Indoor Growing of Peaches, apricots, and nectarines

First, crack the stone a little – just enough to break the sides open slightly. Then plant it in a 4 inch pot of compost, about 1 inch deep. Put the pot in a warm, shady place and keep the compost damp. After some months, a little shoot should appear. Place the pot in a sunny position. Each spring, cut back the branches to a compact shape. A spell outdoors in the sun every summer will help, and so will liquid fertilizer when watering. Re-pot when the plant grows bigger. You may get flowers, but fruit is unlikely.

Avocados for giant plants

An Avocado stone needs to be started off in the dark. It can be grown in compost, but it is easier and more interesting to put it first (small end up) in a narrow glass with water reaching half way up: you will be able to watch the initial root and shoot growth. Foil around the glass will keep light out but won’t exclude air.

Put the glass near a radiator or hot tank and keep the water topped up. If the stone gets slimy, rinse it under the tap and put it back in clean water. The stone should start to split within a month or two, and a root and shoot will appear from it. When these are an inch long, the stone should go into a 6 inch pot of compost. Keep it out of strong light until it is 3 inches tall. In years to come it will grow several feet high if it gets enough sunshine and protection from draughts. A stick for support and, in due course, a bigger pot are likely to be needed. Regular watering (with liquid fertilizer added) is necessary.

Trees from citrus pips

The pips of Oranges, Lemons, Grapefruits or (prettiest of all) Tangerines are best planted in spring. Put three pips of one kind in each 3-inch pot of damp compost, about 1 inch down, or plant in fruit skin halves. As with Avocado stones, darkness and warmth are needed, and regular checks on the dampness of the compost. When shoots appear a month or two later, gradually bring the plant nearer full light and when it is 4 inches tall transfer it to a bigger pot of compost. An advantage of growing pips in fruit skins is that the skin too can be planted, thus avoiding any disturbance of the roots: they will grow through the skin. A few months later, there should be the beginnings of a small, glossy-leaved tree which in years to come might even produce flowers and fruit. Care for it like a Peach tree . Citrus pips can be used to grow a forest in a dish. Collect dozens of pips, soak overnight, press down all over damp compost and sprinkle a little more of it on top. Keep damp, adding a little liquid fertilizer to the water, and in a few weeks a glossy-leaved, miniature forest will fill the dish.

Palms from date stones

These are trickier because they come from a very hot climate. Plant several to a pot like citrus pips and put the pot right on a radiator or hot tank, covered with a polythene bag to keep draughts out and moisture in.

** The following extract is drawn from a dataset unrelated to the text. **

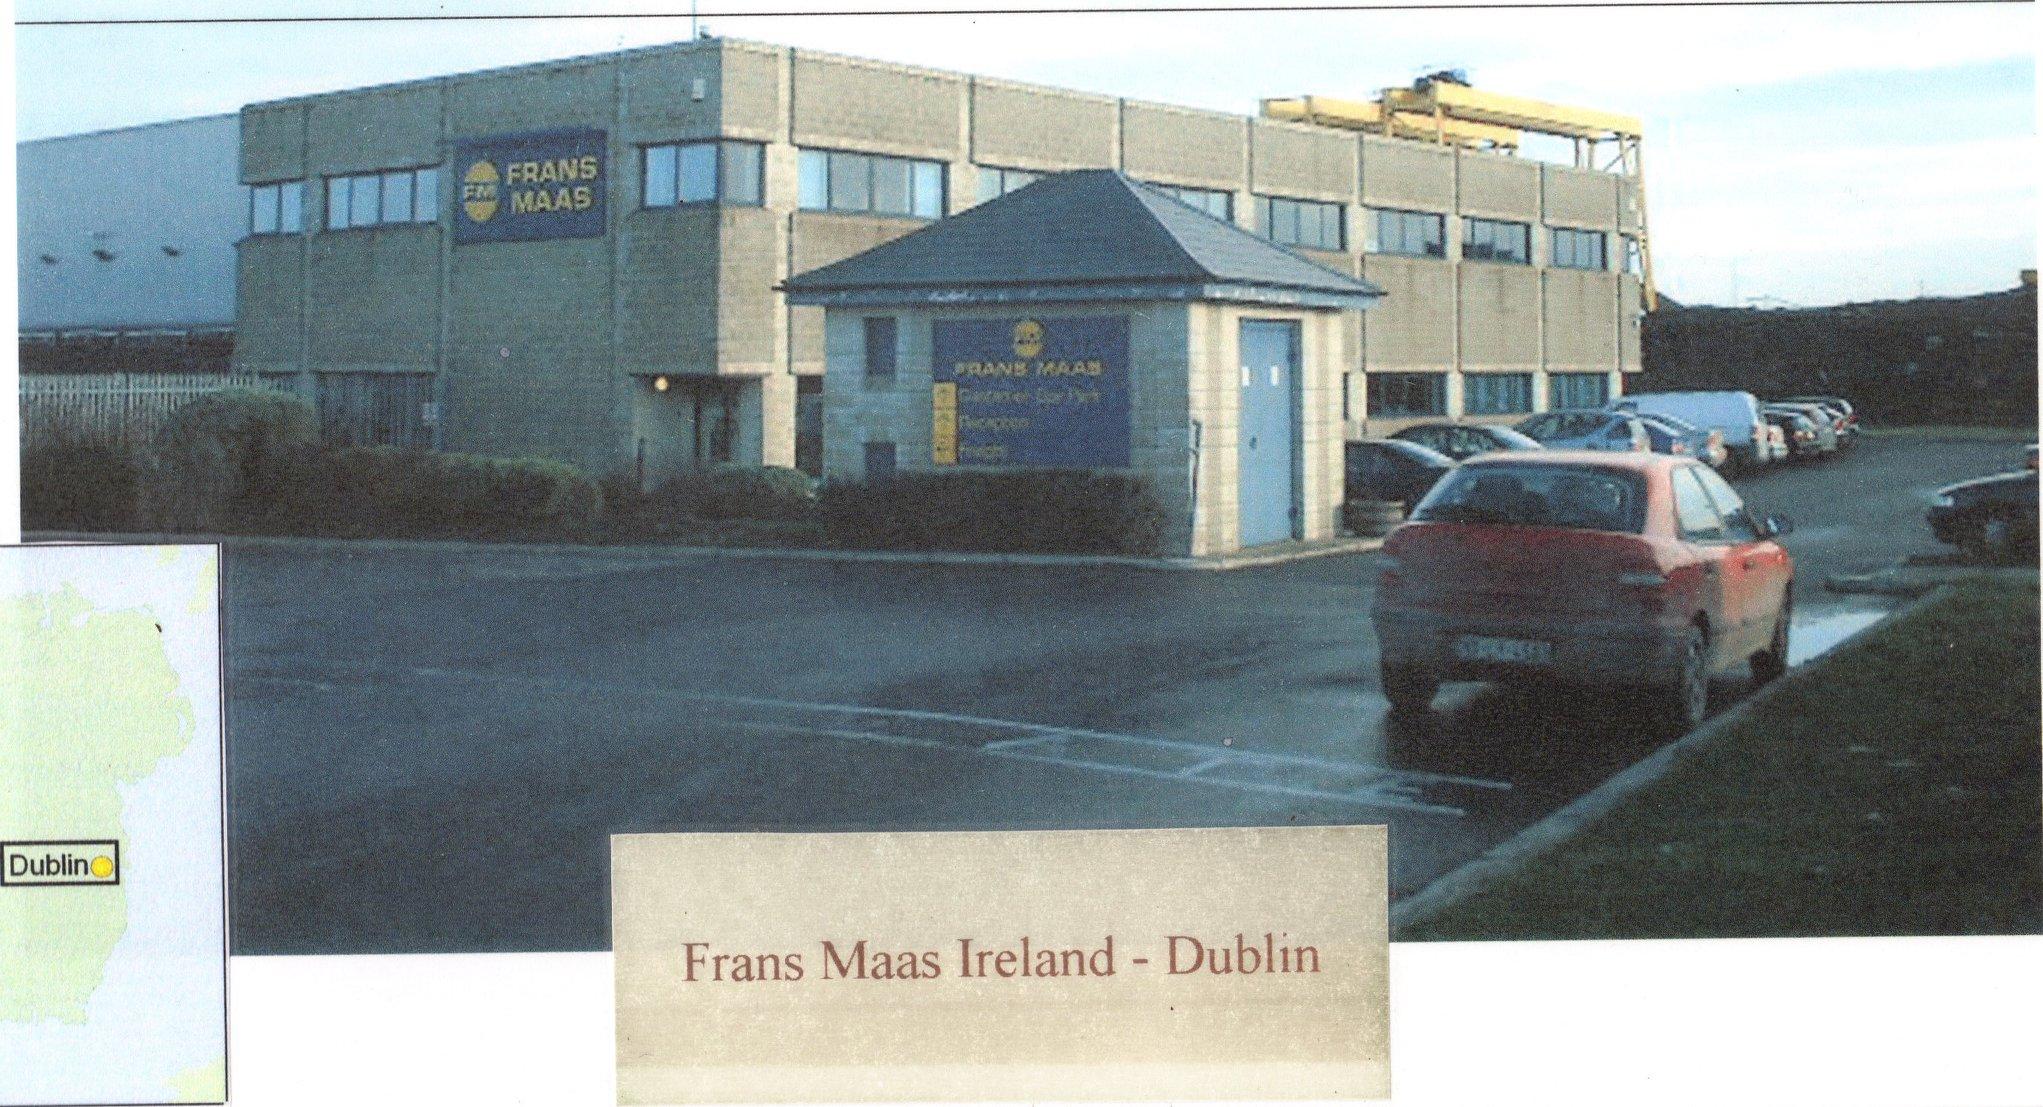 FM-IERLAND

When shoots appear, use small sticks to prop up the bag so that it does not touch them. When the plants are 3 inches high, you can remove the bag but they must be kept warm and regularly given water containing liquid fertilizer.

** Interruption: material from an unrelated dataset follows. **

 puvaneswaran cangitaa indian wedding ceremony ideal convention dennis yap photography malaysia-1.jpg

Fast results from mangoes and lychees

Both these fruits have stones which can produce impressive plants swiftly once they have germinated. Start them off in the same way as Avocados . It will be two or three months before growth starts but then it will be rapid. The Lychee can grow 6 feet of leafy stem in a year; the Mango produces extraordinary contortions of stem initially and then lovely long leaves. Both need plentiful moisture as well as warmth. The steam of a bathroom is ideal, provided the room remains fairly warm at night.

Creepers from melons, marrows and cucumbers

These grow quickly from pips if started off in spring in the same way as citrus pips , but with warmth throughout their life. Small plants should have grown within a month or two, with 4 foot creepers by the end of the year. These will need strings or wires fixed to a wall to which to cling. You may even get edible fruits if you cross-pollinate the flowers of each plant, by dabbing them with cottonwool.

Apple, pear and plum trees

No great heat is needed for these. In fact, the reverse is true. Start by placing pips or stones between pads of cotton-wool (which must be kept moist) in the refrigerator until shoots appear. Then plant in compost and treat in the usual way. (Cherry stones can be treated like this, too, but are less reliable.)


Walnuts and Hazels may grow into little trees if you plant them in sand in late autumn, leave in a cool and dark place, then carefully transplant to compost in spring. An acorn can be suspended on a string in water, or (like other seeds from trees) planted in compost.